*** Information shown ***

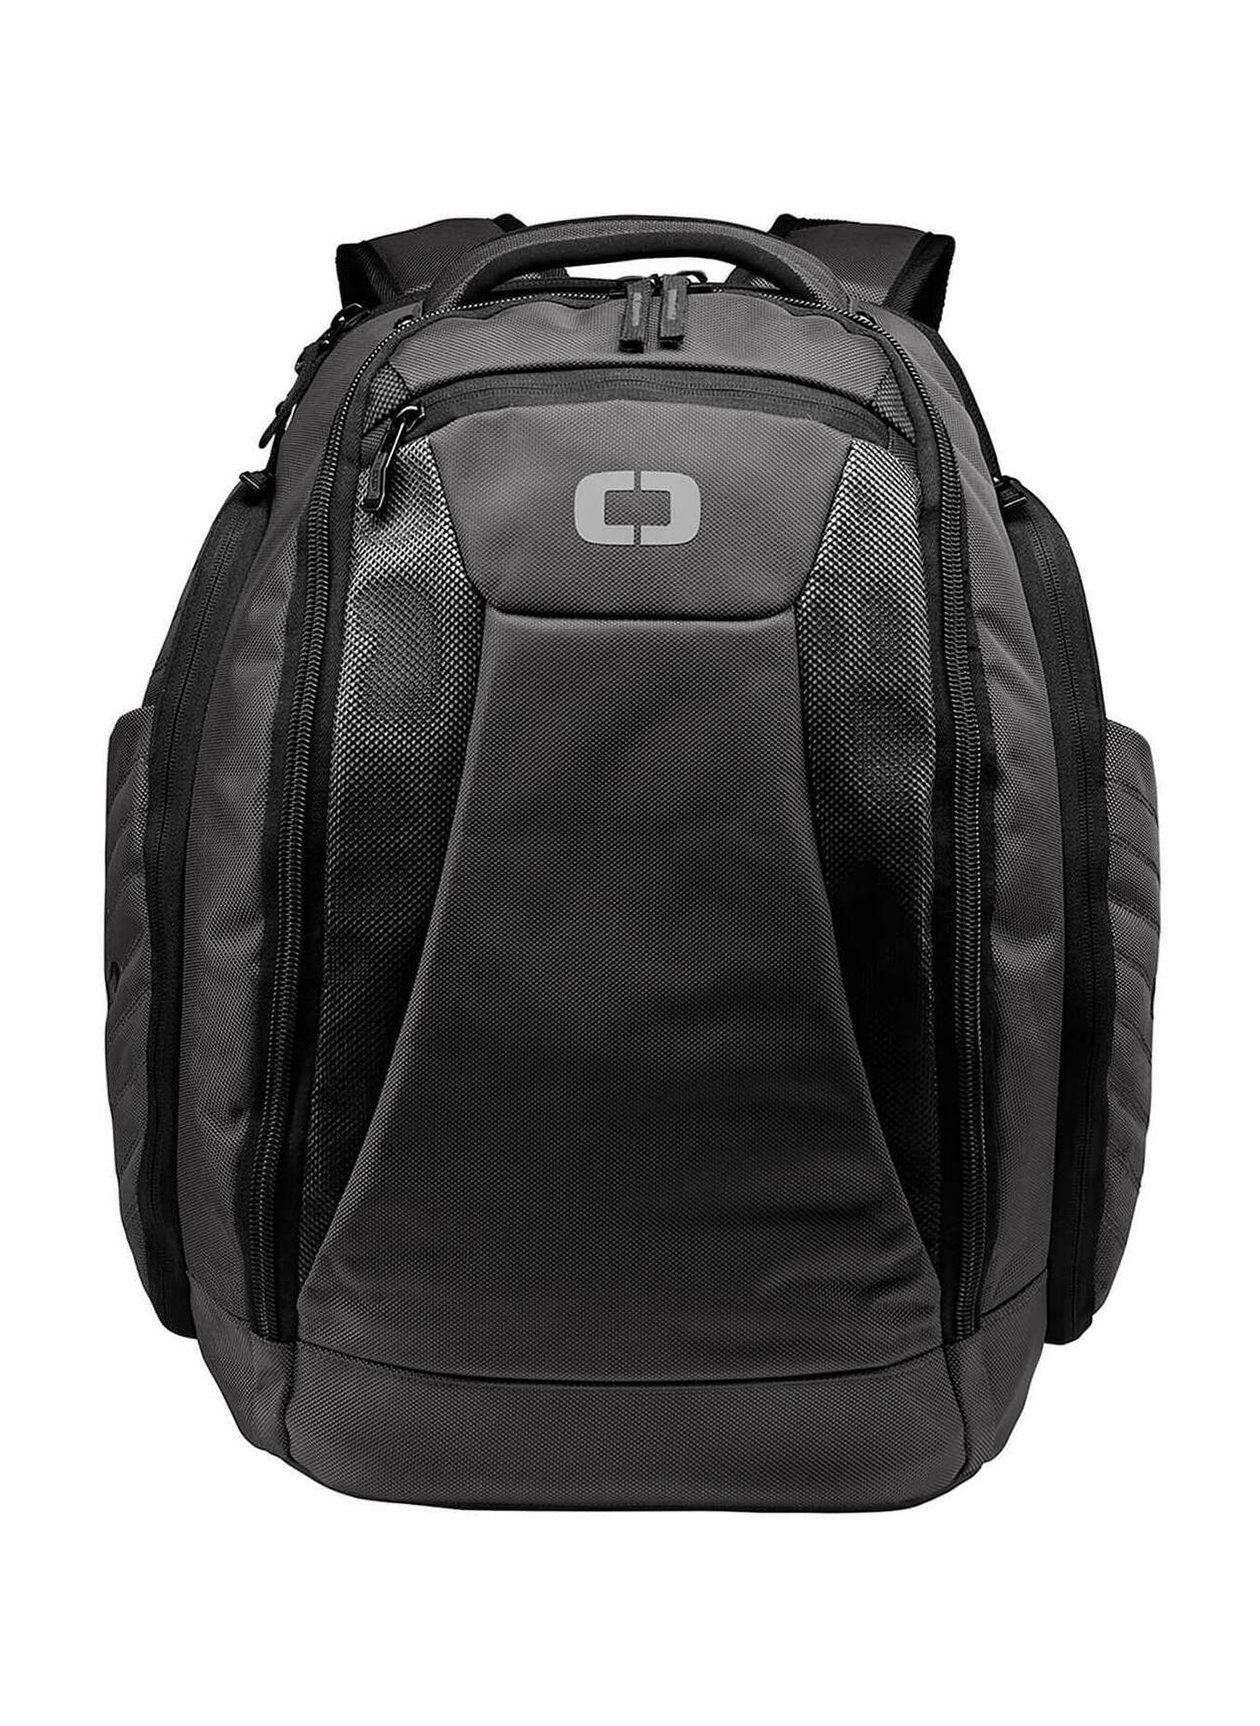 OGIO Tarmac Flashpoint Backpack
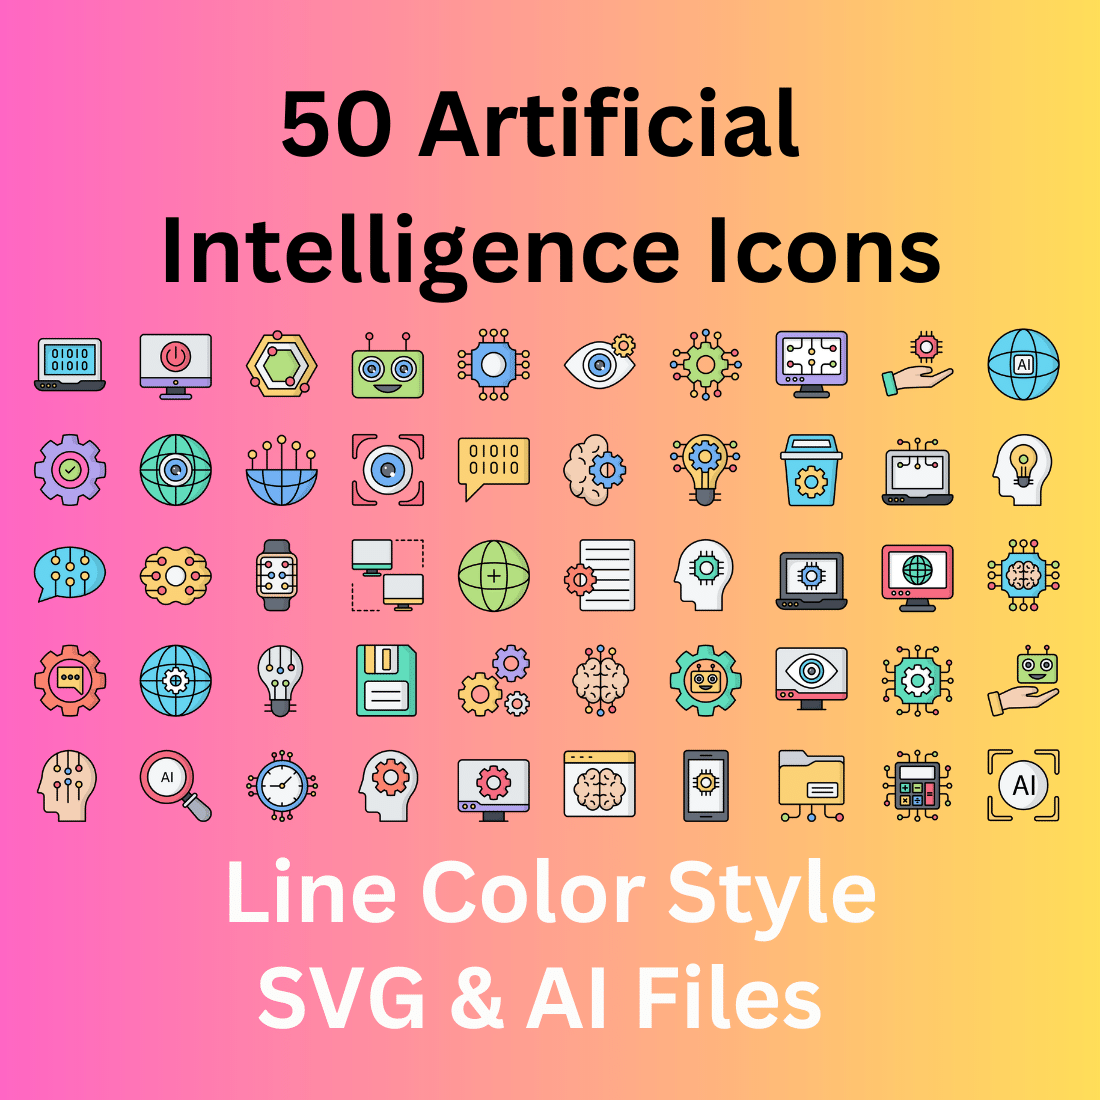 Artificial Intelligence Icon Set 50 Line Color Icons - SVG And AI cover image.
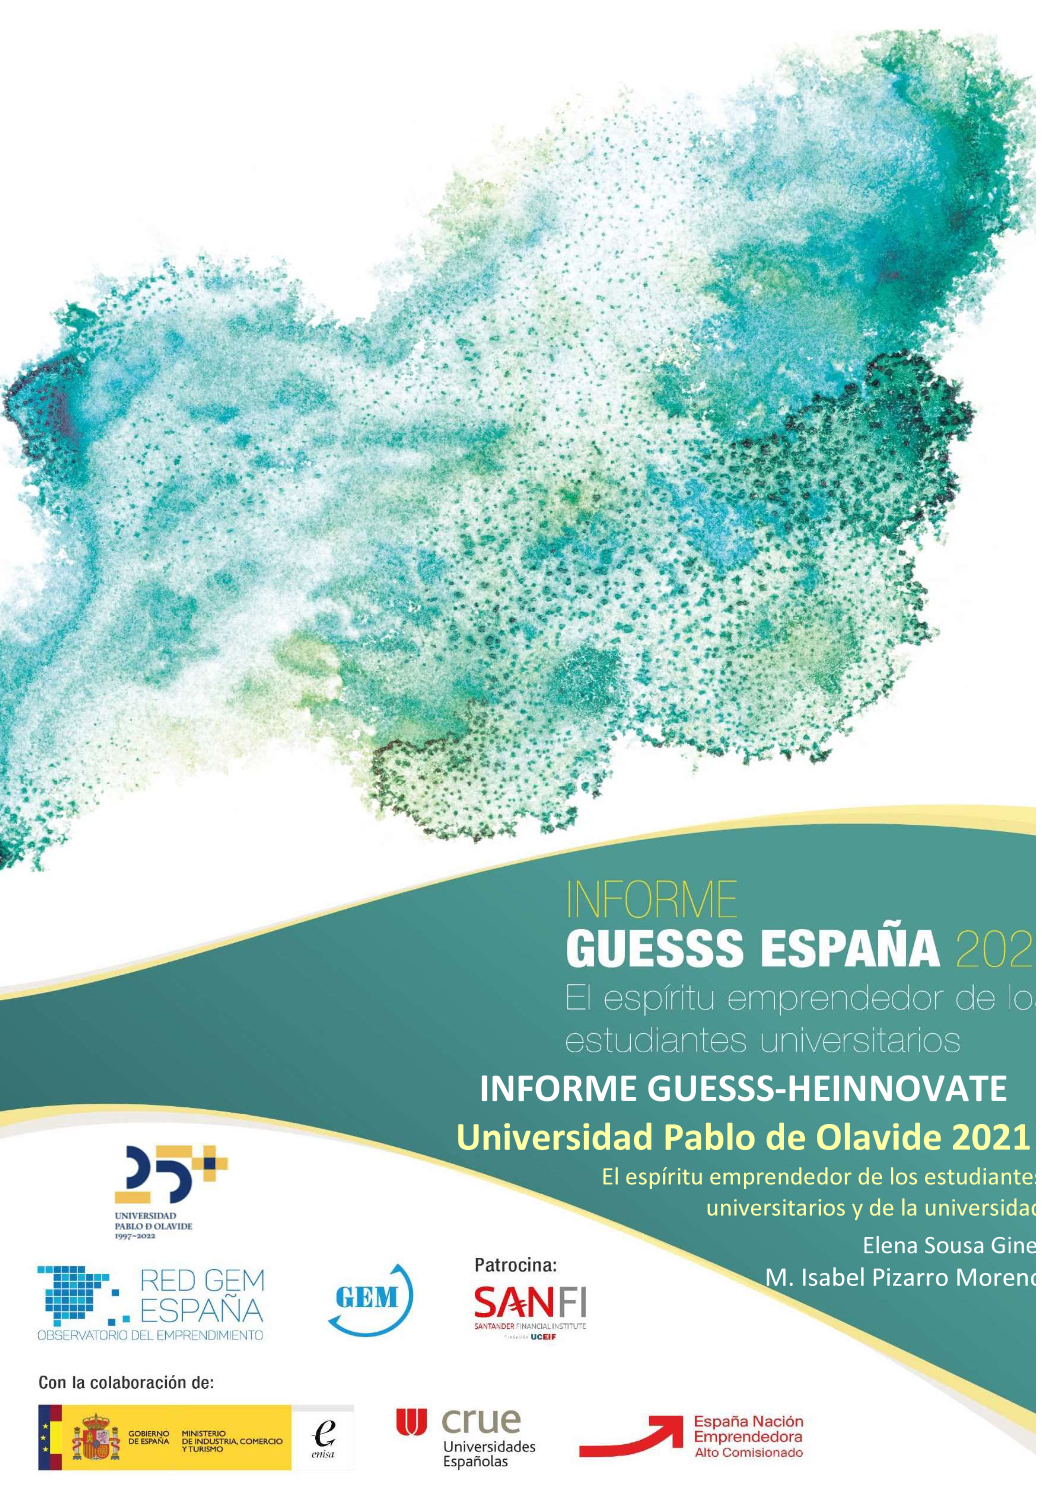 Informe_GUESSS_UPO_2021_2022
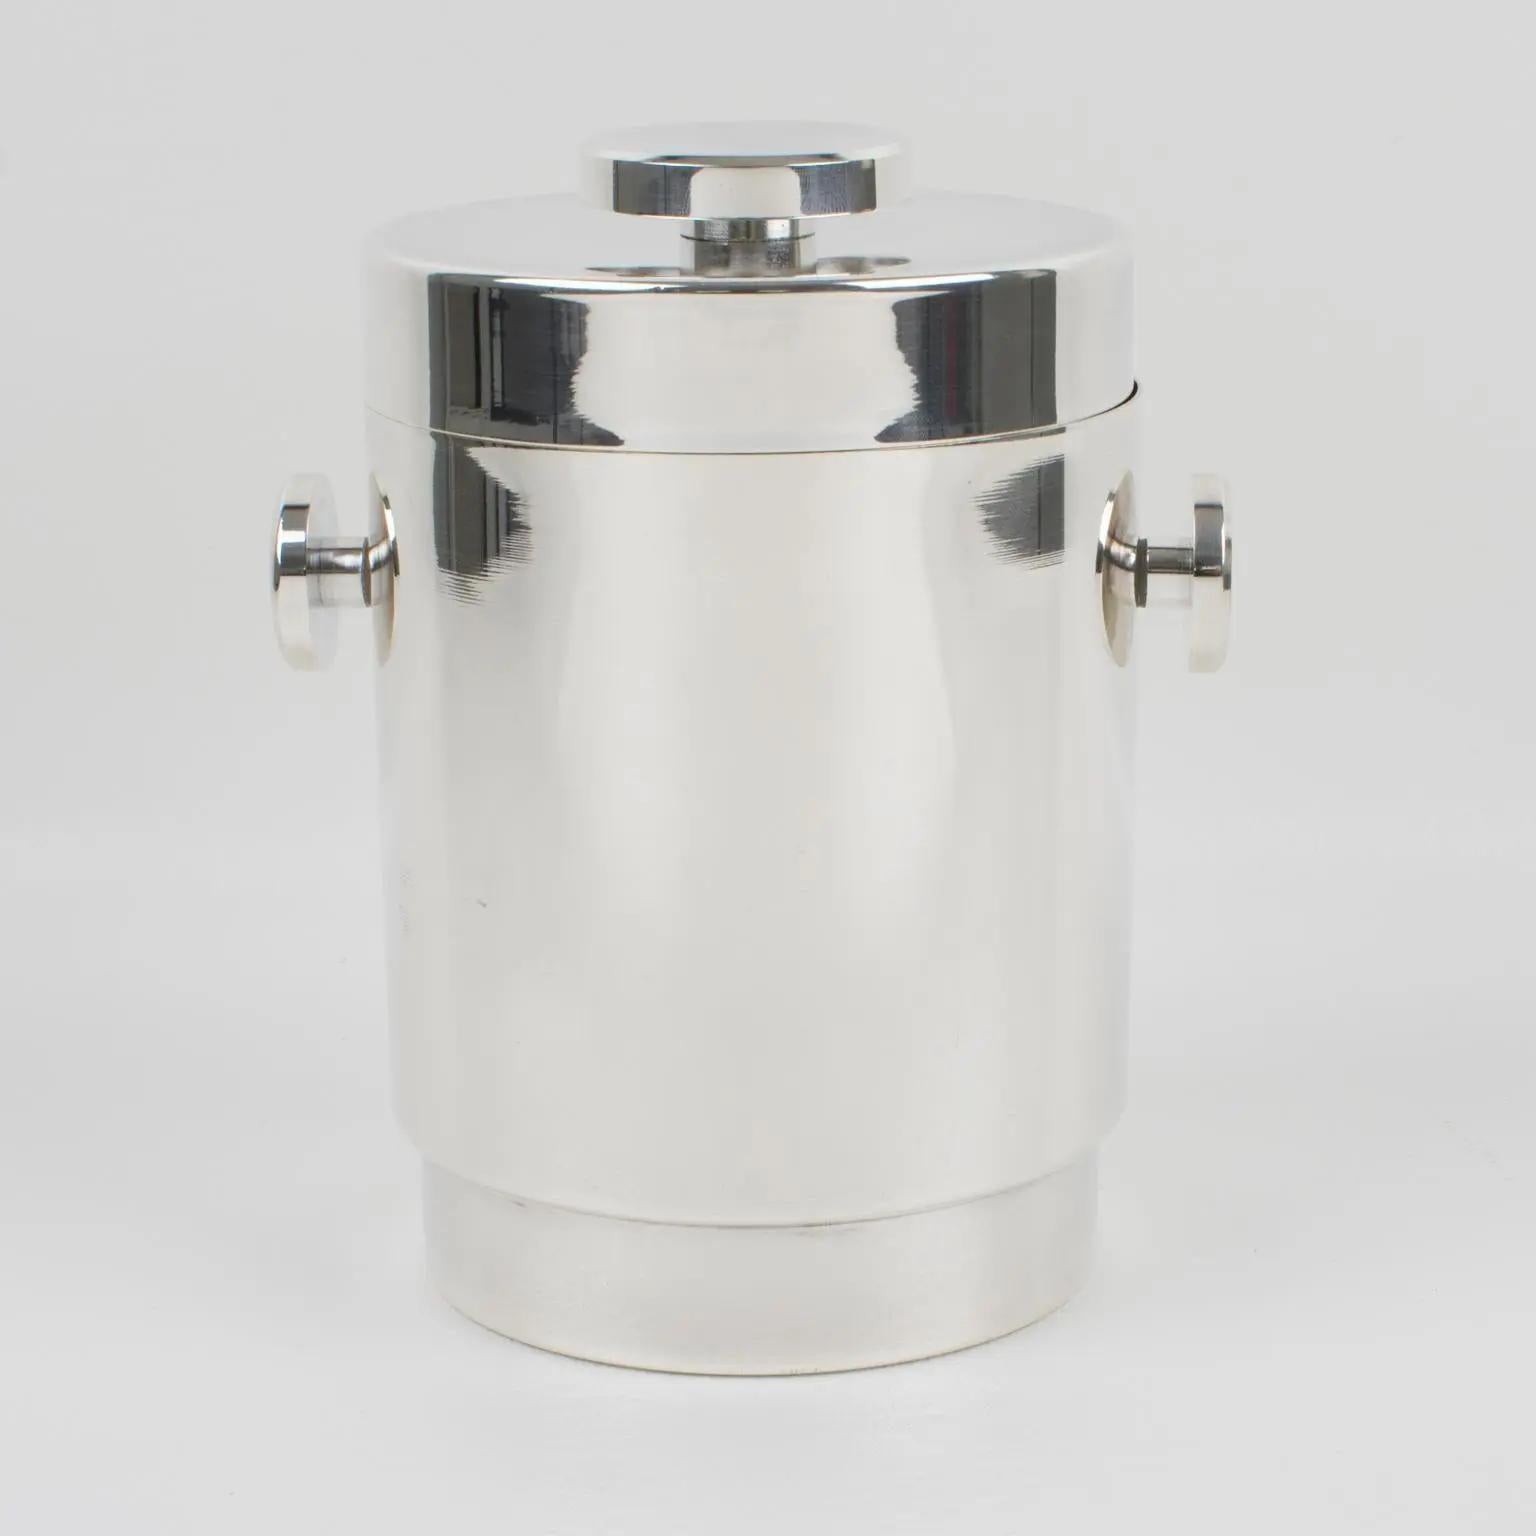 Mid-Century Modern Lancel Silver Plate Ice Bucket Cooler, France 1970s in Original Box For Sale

*** End of Information shown ***

Action item:
Copy the data exactly. Pictures do not belong in the copy.

Expected answer:
 OGIO Tarmac Flashpoint Backpack
 Artificial Intelligence Icon Set 50 Line Color Icons - SVG And AI cover image.
 Informe_GUESSS_UPO_2021_2022
 Mid-Century Modern Lancel Silver Plate Ice Bucket Cooler, France 1970s in Original Box For Sale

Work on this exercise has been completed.